Re: Arabic Analyzer: possible bug

2009-10-08 Thread Robert Muir
DM, thanks. I will reply to your comments below.

How ready is it? I'd like to use it if it is "good enough".
>

It is not committed yet, so I think it would be best to say it is not ready,
but I think it works, give it a try if you have time :). Mainly it needs
better doc and tests, but I am focusing on making it customizable: and I
think I need to improve the API for this.


>
> BTW, does it handle the case where ' (an apostrophe) is used as a character
> in some languages? (IIRC in some African languages it is a whistle.) That
> is, do you know whether ICU will consider the context of adjacent characters
> in determining whether something is a word break?
>

I do not think it does this by default (it might depend if the apostrophe is
at the end of the word, or middle of a word, I'd have to check UAX#29 and
the appropriate properties).

If you look at the patch, you can see I customized the RBBI rules for Hebrew
script to take single quote and double quote into account. In this case,
double quote is allowed to be "MidLetter", for acronyms, and single quote is
allowed to "Extend", so it can represent a transliterated character.

So, you could do the same thing for the Latin script, if the unicode
defaults are not what you want (again I want to make it easy for you to
supply tailored rules, especially ones that apply only to a specific
script).

And yes, by default the UAX#29 spec considers adjacent characters when
determining word break. its based on the Unicode word break property. (for
some scripts in LUCENE-1488: thai, myanmar, lao, etc, this is not used so
much, i provided some more sophisticated mechanisms for these)


>
>
>  so it could be eons before the jdk exposes these things
>
> I'm using ICU now for that very reason.

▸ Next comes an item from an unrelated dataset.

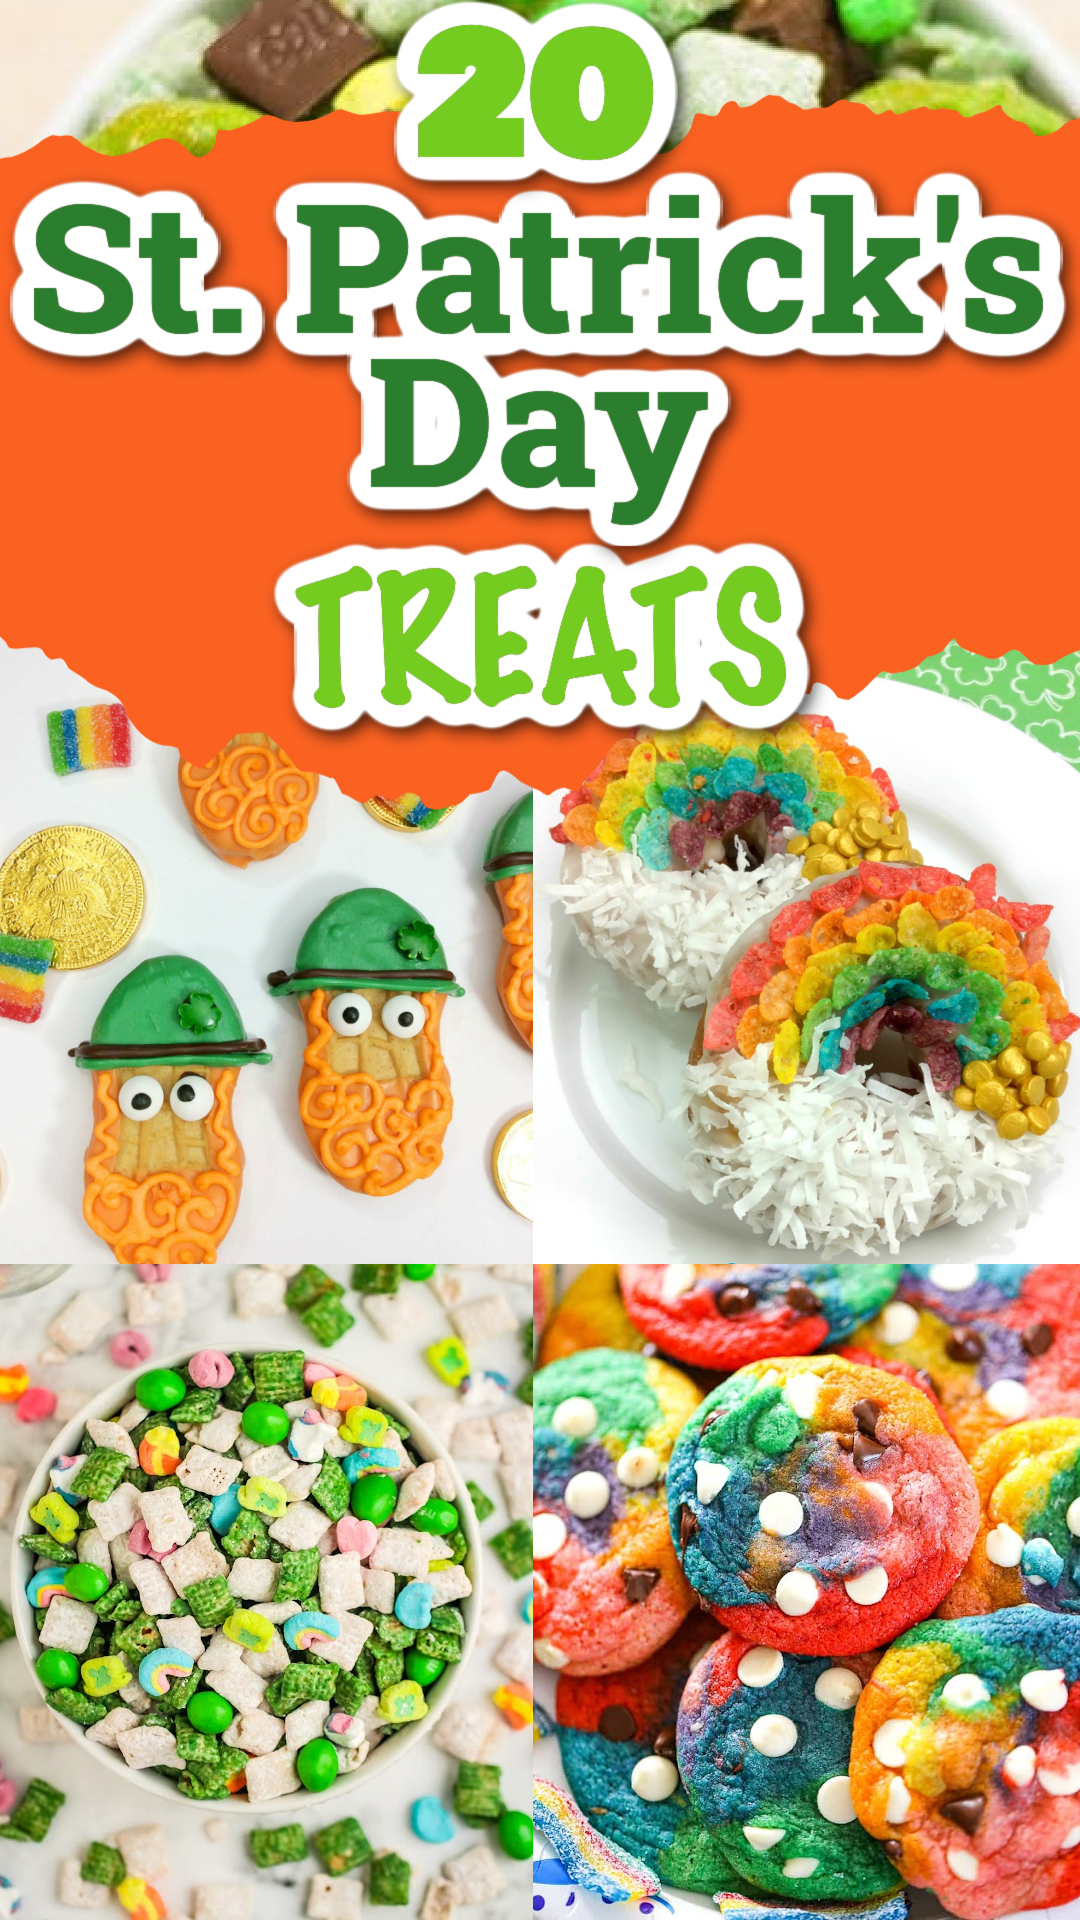 A pin image collage of St. Patrick's Day treats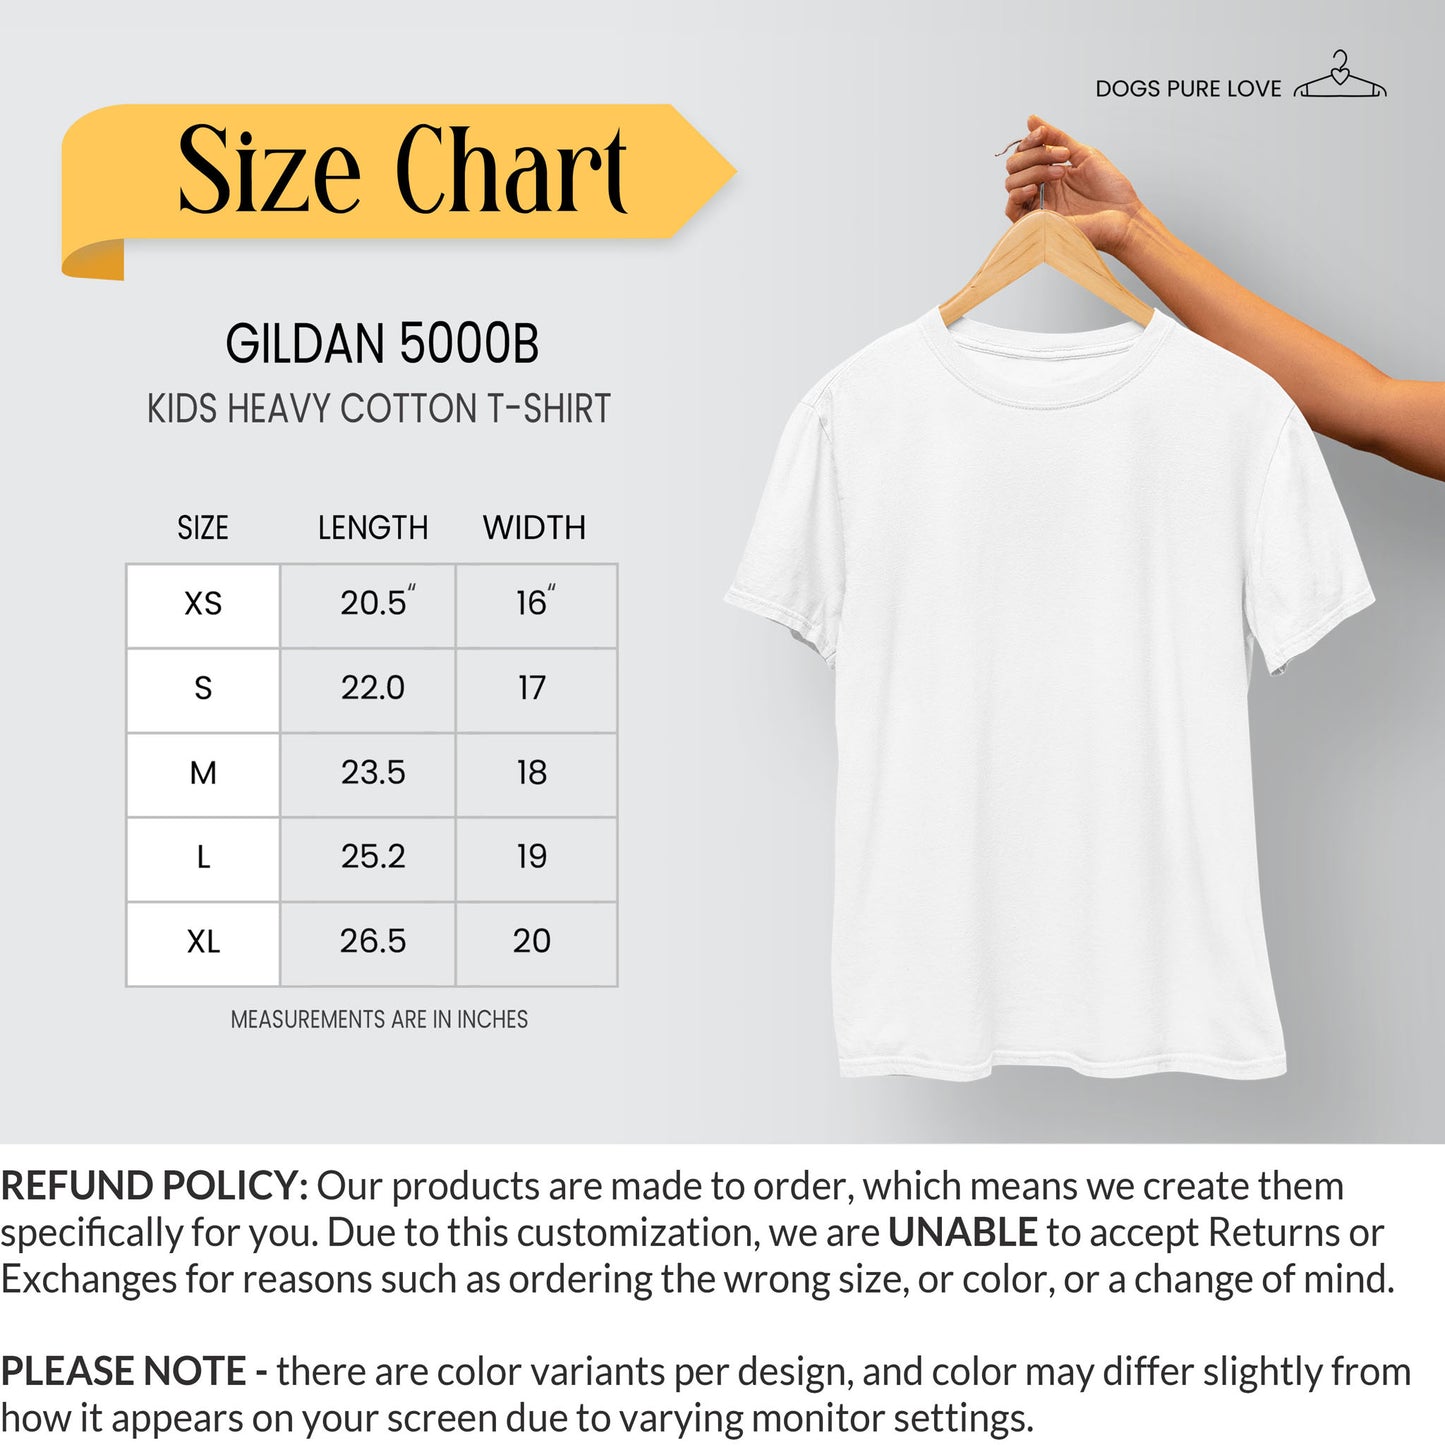 A kids tee size chart by Dogs Pure Love shows measurements and a small Refund Policy description.

It takes too long for the JDK to be
> current on anything let alone something that Java boasted of in the early
> days.
>

Agreed.


>
>
> It'd really be nice if there were a way to specify that "tool chain".
> Ideally, I'd like to get the default chain, and modify it. (And I'd like to
> store a description of that tool chain with the index, with version info for
> each of the parts, so that I can tell when an index needs to be rebuilt.)
>

This is something that concerns me a bit about LUCENE-1488. It is driven by
properties that will change when ICU/Unicode is updated. This is both good
and bad, its good in the case that it will "improve" automatically, based on
improvements done in those places, and we can remain current with the
Unicode standard. Its bad because you will probably have to reindex when
these components are updated. I think its complex enough, that we won't be
able to really guarantee much backwards compat if we want to stay current
with Unicode, because things change and improve.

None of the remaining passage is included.